Long after those crew-cut jerks with their mirrored Ray Ban Aviators and coiled wires behind their ears slammed him onto the scorching sidewalk of Central Avenue in downtown Phoenix without so much as a how-de-do or a do-si-do, long after that black-robed harridan shattered her gavel and shot him a look that left no doubt she felt she was dealing with slug slime, and long after those phony white-toothed piranhas decamped with their behemoth satellite TV trucks to another circus, Russleman Greefolder lay marinating in his own sweat on a cot in a sauna-like tent, clad only in Sheriff Joe’s mandatory pink boxers stamped with the acronym for Maricopa County Sheriff’s Office, wondering why, after a satisfying all-afternoon-and-into-the-evening interlude tipping a couple cold Coronas with lime wedges—well, maybe more than a couple but, hey, who’s counting when it’s 117 in the shade out there, your dog is sprawled in the sawdust at your feet, and you’re hoisting a few in the air-conditioned refuge of Jose’s Cantina—why oh why he chose that moment, that particular moment when he was floating out the door of Jose’s in the unrelenting smog of sudsy befuddlement, to drop his drawers and rid himself of the annoying label sewn into the waistband of his X-rated (certainly not XXX-rated) boxers that his ex, when she was still his wife, bought for him at that adult shop over on what he liked to call Not-So-Grand street, just as the president’s motorcade and its gaggle of black Suburbans with dark-tinted windows was passing, all of which resulted in an indecent exposure rap eternally stuck to him like old gum underneath a café table.
Awesome, a story in one sentence.
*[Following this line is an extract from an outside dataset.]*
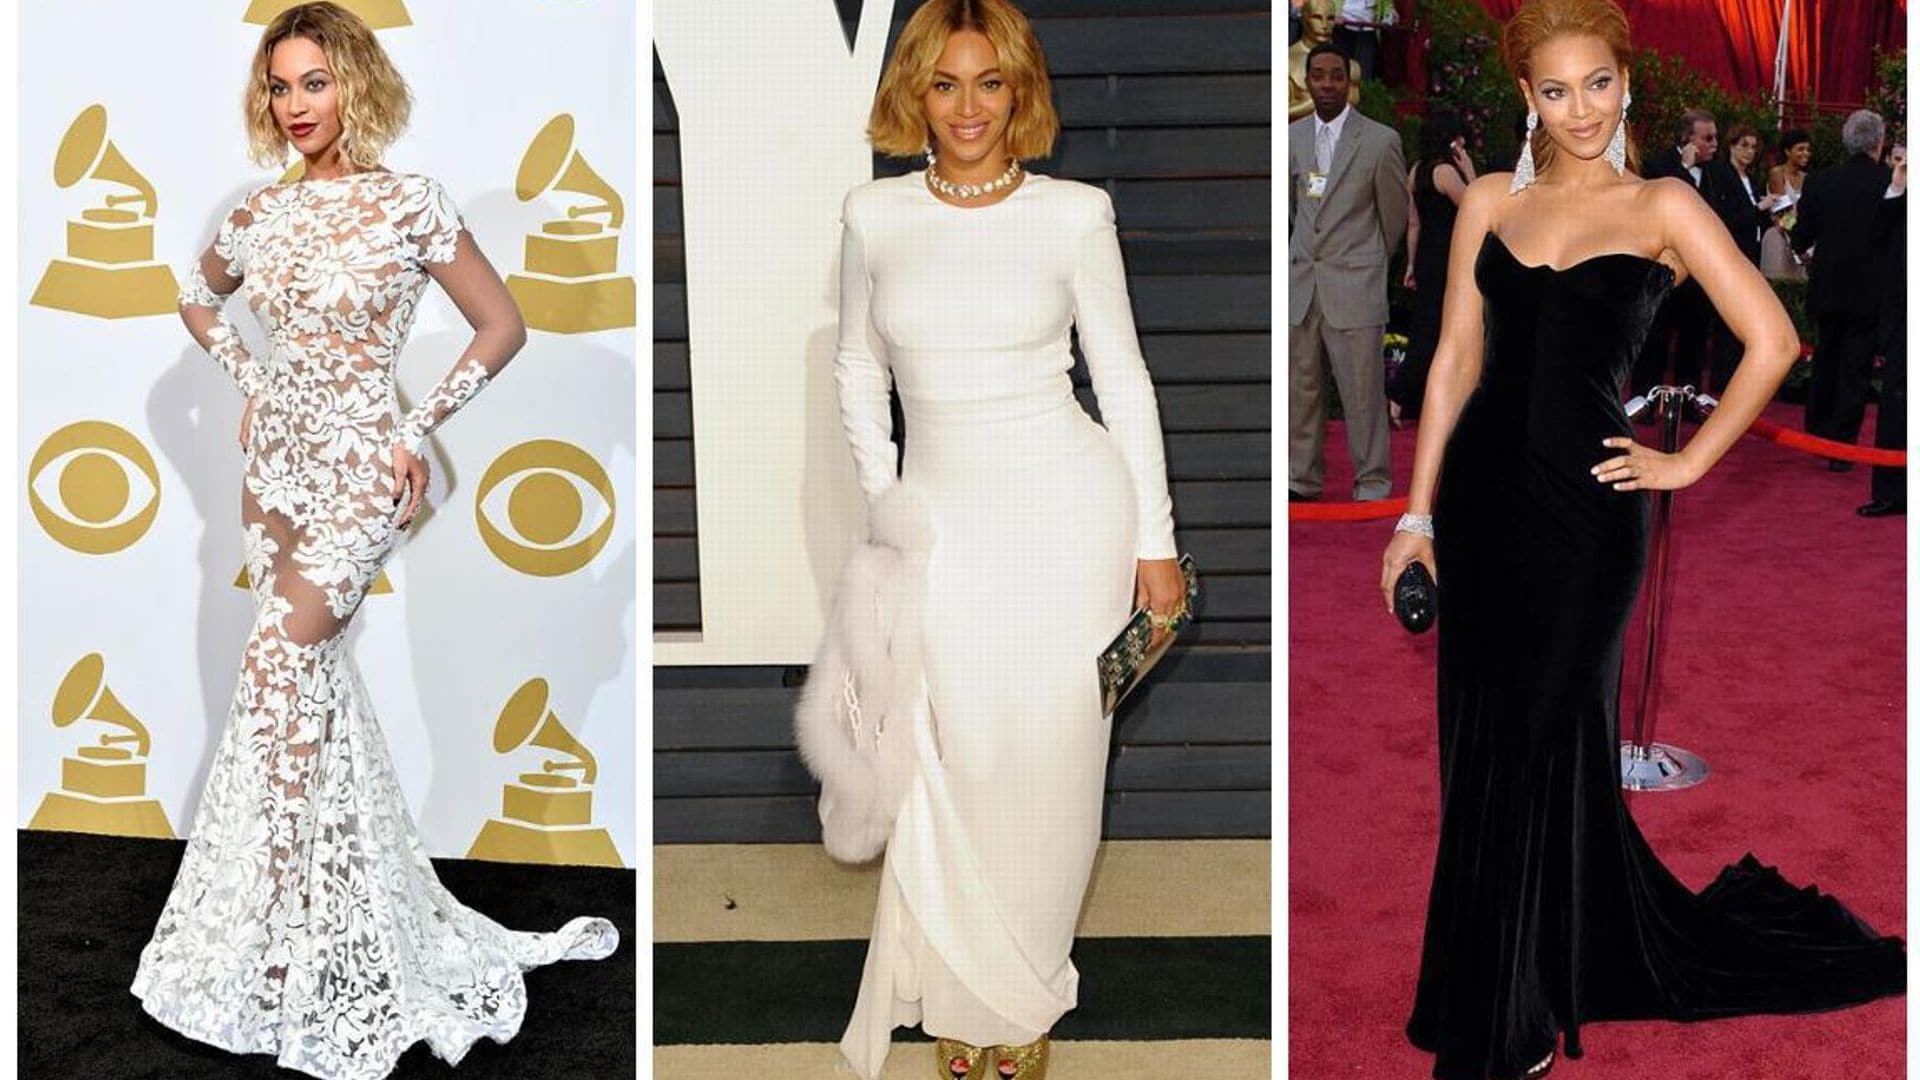 From barely there to full bling: 12 times Beyoncé slayed the red carpet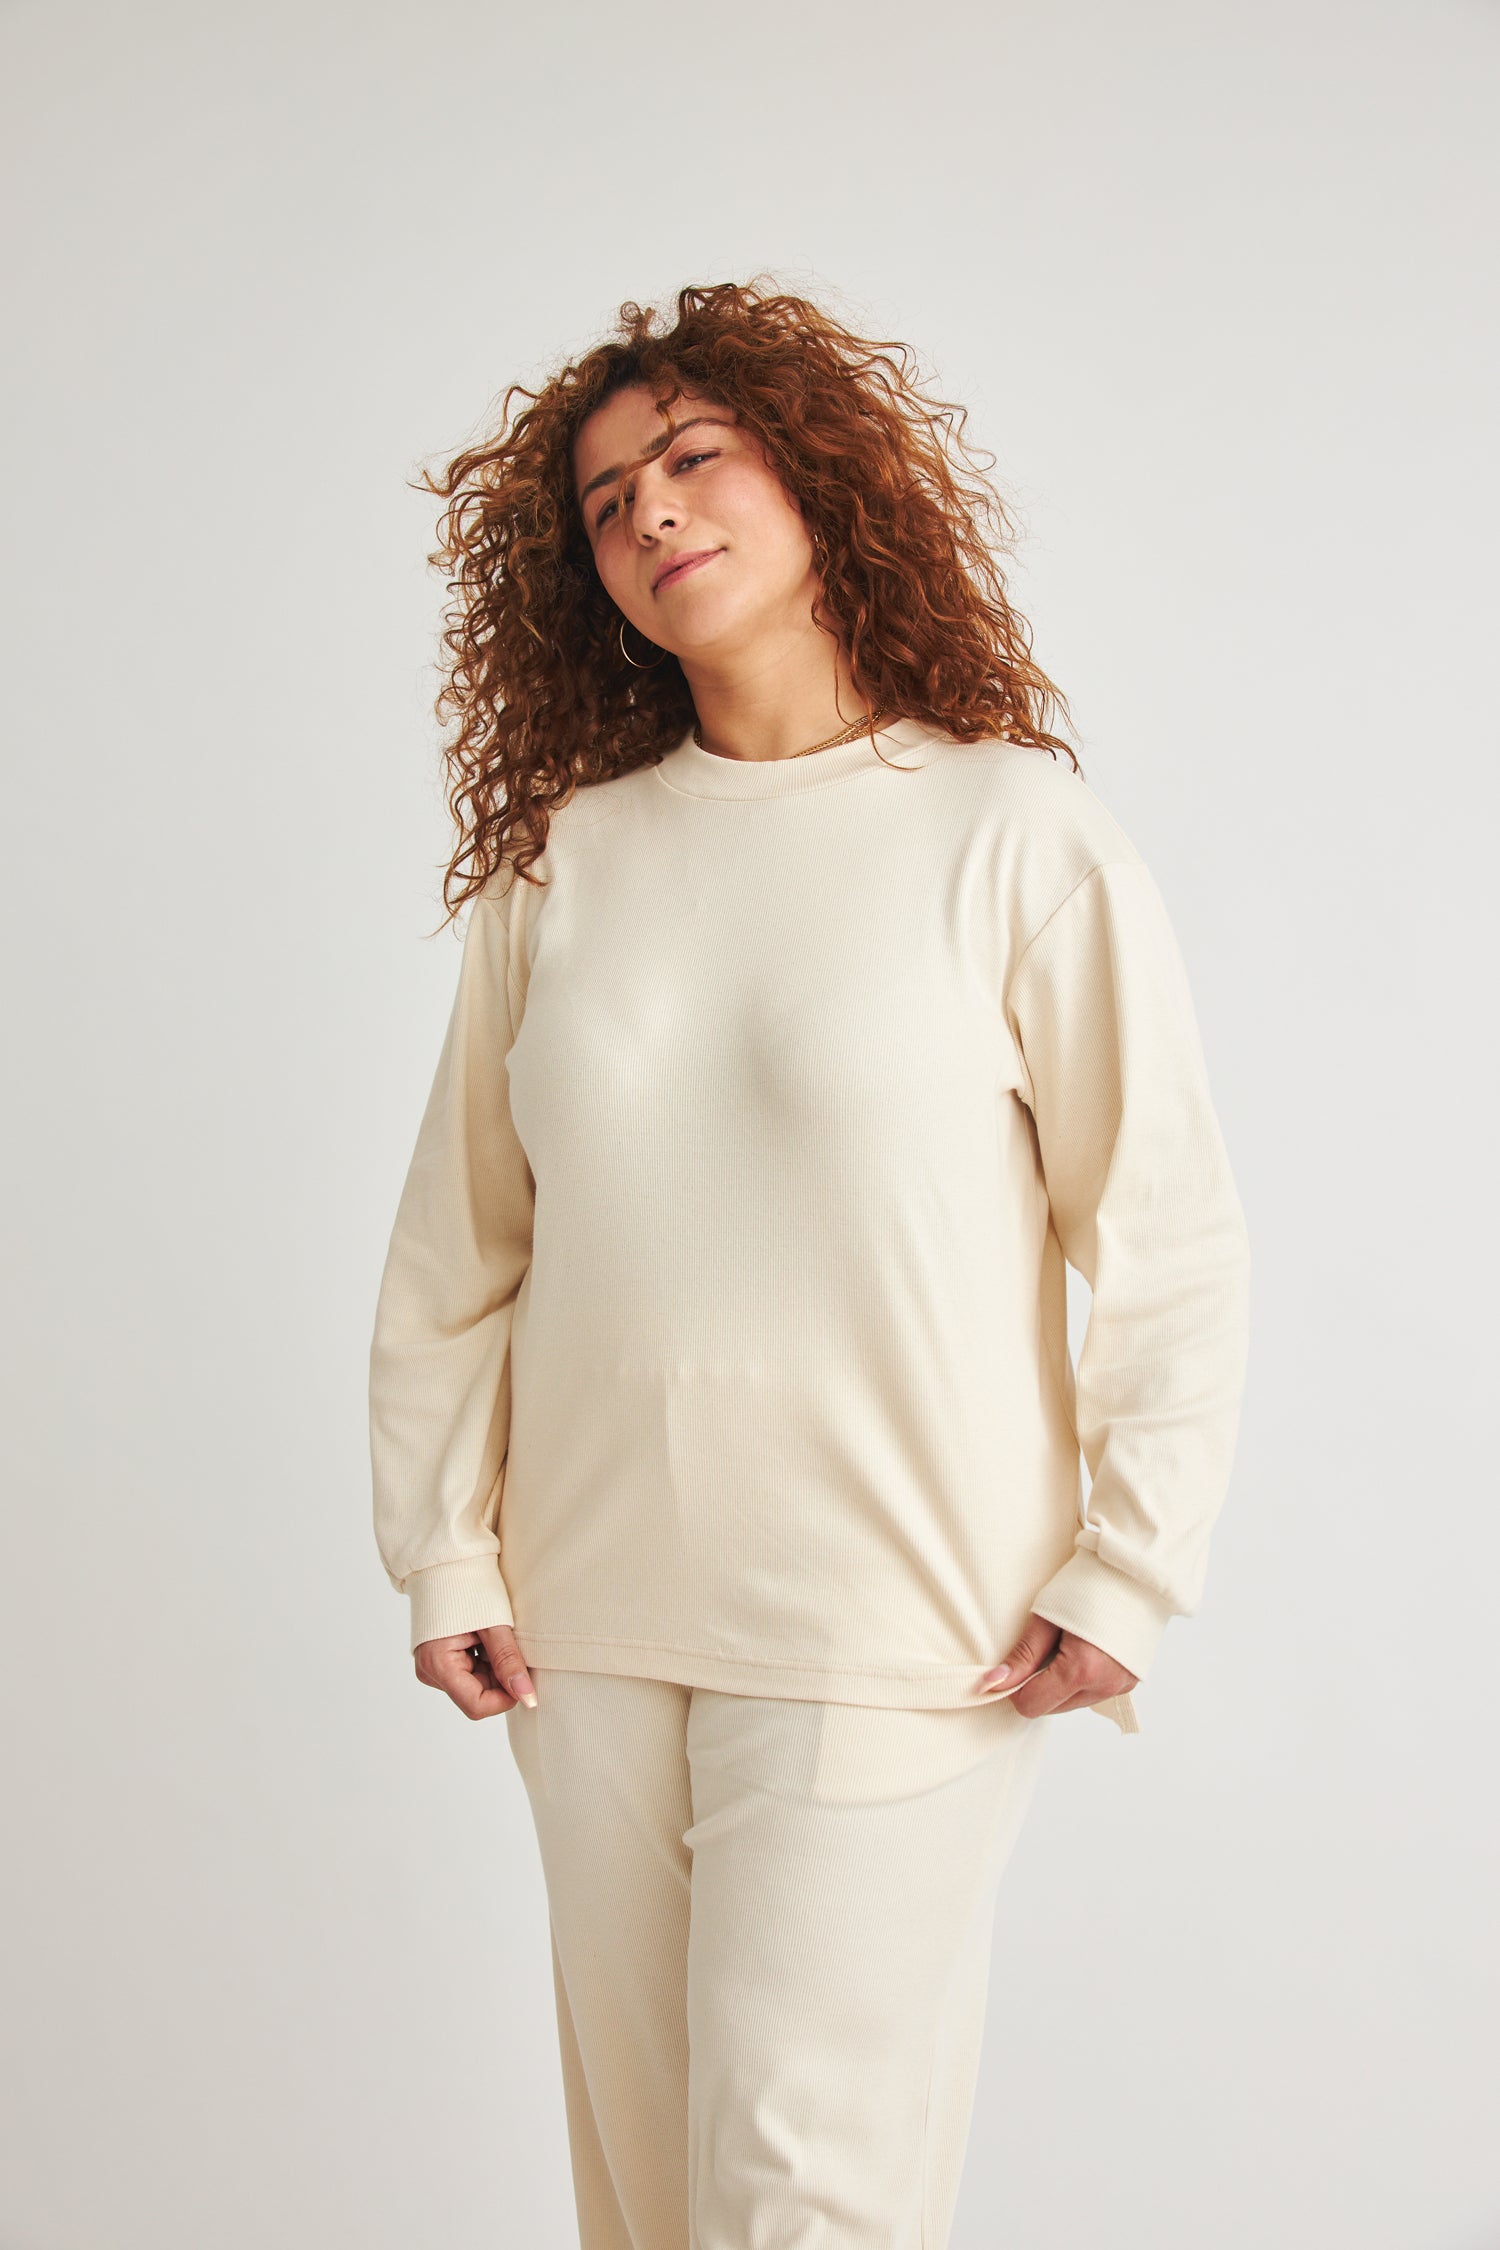 Natural-colored Bex sweatshirt made of organic cotton from Baige the Label

I was actually panting when I got to the end.
Bravo! You certainly aren’t resting on your laurels, but giving yourself new and mighty writing challenges. I wonder if you have been reading John Gardner’s books. I know that in one of them he challenges his readers to write a page long sentence that is grammatically, and punctuationally (new word) reasonable. Take a bow, Gullie!
I have a comment still showing as pending. Do I need to do something with it? Or am I now found out as one of those spammers. Tehehe.
I still haven’t figured out why sometimes things get held up. However, I did go in and approve that posting. It should show up now. Thanks for letting me know.
The mystery of the technology. Programmers don’t have better things to do. I used to be one. I guess you can’t shake that sort of thing. 🙂
The punctuation was a grab bag. What challenged me the most were the prepositions. I tend to write in the short sentences of a print journalist, so surviving a long, convoluted sentence was exquisitely satisfying. Thanks, Ann.
Confession: I wrote this sentence in my head as I was delivering mail over a 130 mile long route (I’m an occasional substitute for a friend who has the rural delivery contract) through the mountains on slippery roads, and I will admit I lost track of where I was at times. Fortunately nothing stayed me from my appointed rounds.
Neither rain nor sleet nor spacing out during writing prompts shall stay these couriers from the swift completion of their appointed rounds….or something like that.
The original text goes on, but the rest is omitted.